Cratylus. Representing by likeness (ὁμοιώματι) the thing represented is absolutely and entirely superior to representation by chance signs. (Cratylus, 433D)
The great problem for the correspondence theory is how words and statements can possibly adequately correspond to (be like) things in the world.
Aristotle knew that our thoughts were in some sense the likenesses to things that Socrates was looking for, but can our thoughts be adequately expressed in words and statements?
Words spoken are symbols or signs of affections or impressions of the soul; written words are the signs of words spoken. As writing, so also is speech not the same for all races of men. But the mental affections themselves, of which these words are primarily signs, are the same for the whole of mankind, as are also the objects of which those affections are representations or likenesses (ὁμοιώματα), images, copies. (De Interpretatione, 16a)
The basic idea was named correspondence by early analytic language philosophers, especially
Bertand Russell, the early
Wittgenstein, and their followers in the Vienna Circle, Rudolf Carnap and
Moritz Schlick, who had something like a picture theory of language. They hoped to find propositions (statements) that would be the "logical atoms" of
verifiable knowledge of the world.
Here is how Russell connects a
belief with the truth.
Thus a belief is true when it corresponds to a certain associated complex, and false when it does not. Assuming, for the sake of definiteness, that the objects of the belief are two terms and a relation, the terms being put in a certain order by the 'sense' of the believing, then if the two terms in that order are united by the relation into a complex, the belief is true; if not, it is false. This constitutes the definition of truth and falsehood that we were in search of. Judging or believing is a certain complex unity of which a mind is a constituent; if the remaining constituents, taken in the order which they have in the belief, form a complex unity, then the belief is true; if not, it is false.
Thus although truth and falsehood are properties of beliefs, yet they are in a sense extrinsic properties, for the condition of the truth of a belief is something not involving beliefs, or (in general) any mind at all, but only the objects of the belief. A mind, which believes, believes truly when there is a corresponding complex not involving the mind, but only its objects. This correspondence ensures truth, and its absence entails falsehood. Hence we account simultaneously for the two facts that beliefs (a) depend on minds for their existence, (b) do not depend on minds for their truth.
...Thus a belief is true when there is a corresponding fact, and is false when there is no corresponding fact.

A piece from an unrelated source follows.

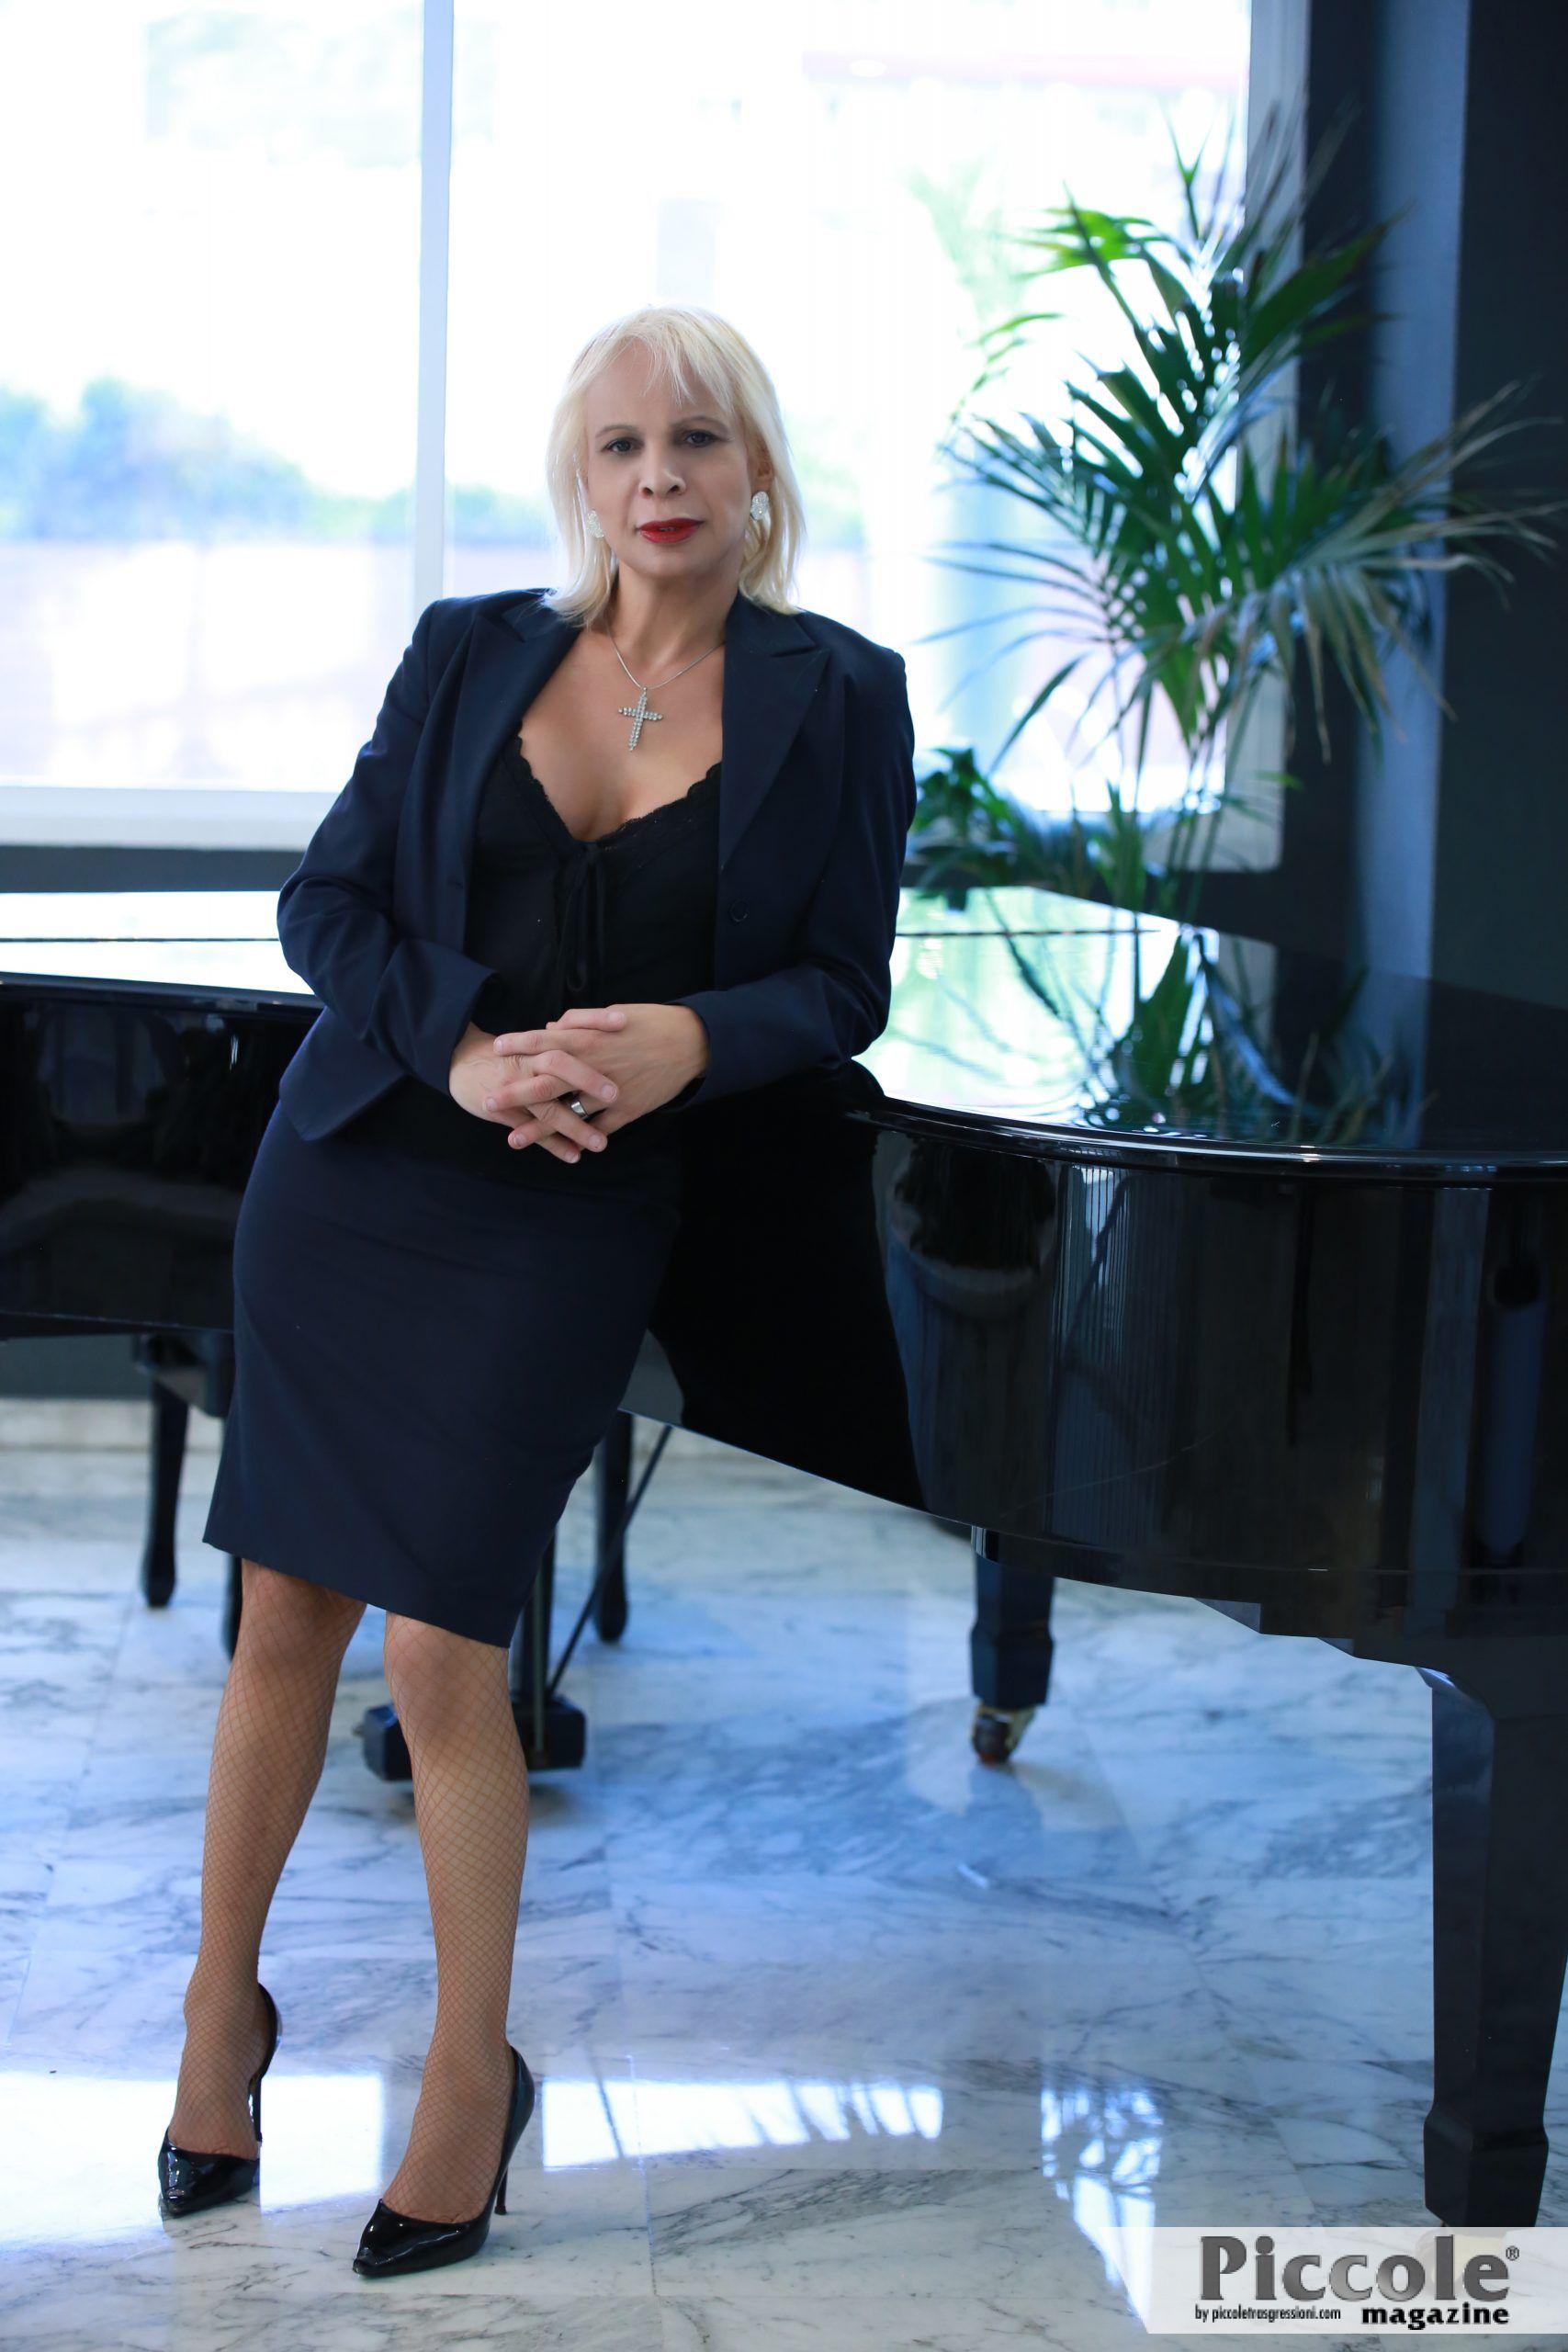 Regina Satariano

It will be seen that minds do not create truth or falsehood. They create beliefs, but when once the beliefs are created, the mind cannot make them true or false, except in the special case where they concern future things which are within the power of the person believing, such as catching trains. What makes a belief true is a fact, and this fact does not (except in exceptional cases) in any way involve the mind of the person who has the belief.
Having now decided what we mean by truth and falsehood, we have next to consider what ways there are of knowing whether this or that belief is true or false. (The Problems of Philosophy, 1912, p.128-30)
But how can words in an arbitrary human language or even logical propositions represent likenesses, images, copies? Only if they are icons, and not indexes or symbols, the other two possible types of signs according to
Charles Sanders Peirce's semiotic theory. Human language sentences are at best a set of symbols that evoke ideas in our minds that may have "true" likenesses to the world of objects and facts. They cannot "mirror" reality directly.
Correspondence Theory in Information Philosophy
The relations between ideas and things is much more straightforward in information philosophy.
To the extent of the correspondence, the isomorphism, the one-to-one mapping, between information structures (and processes) in the world and representative structures and functions in the mind, information philosophy claims that we have quantifiable personal or subjective knowledge of the world.
To the extent of the agreement (again a correspondence or isomorphism) between information in the minds of an open community of inquirers seeking the best explanations for phenomena, information philosophy further claims that we have quantifiable inter-subjective knowledge of other minds and an external world. This is as close as we come to "objective" knowledge, and knowledge of objects -
Kant's "things in themselves."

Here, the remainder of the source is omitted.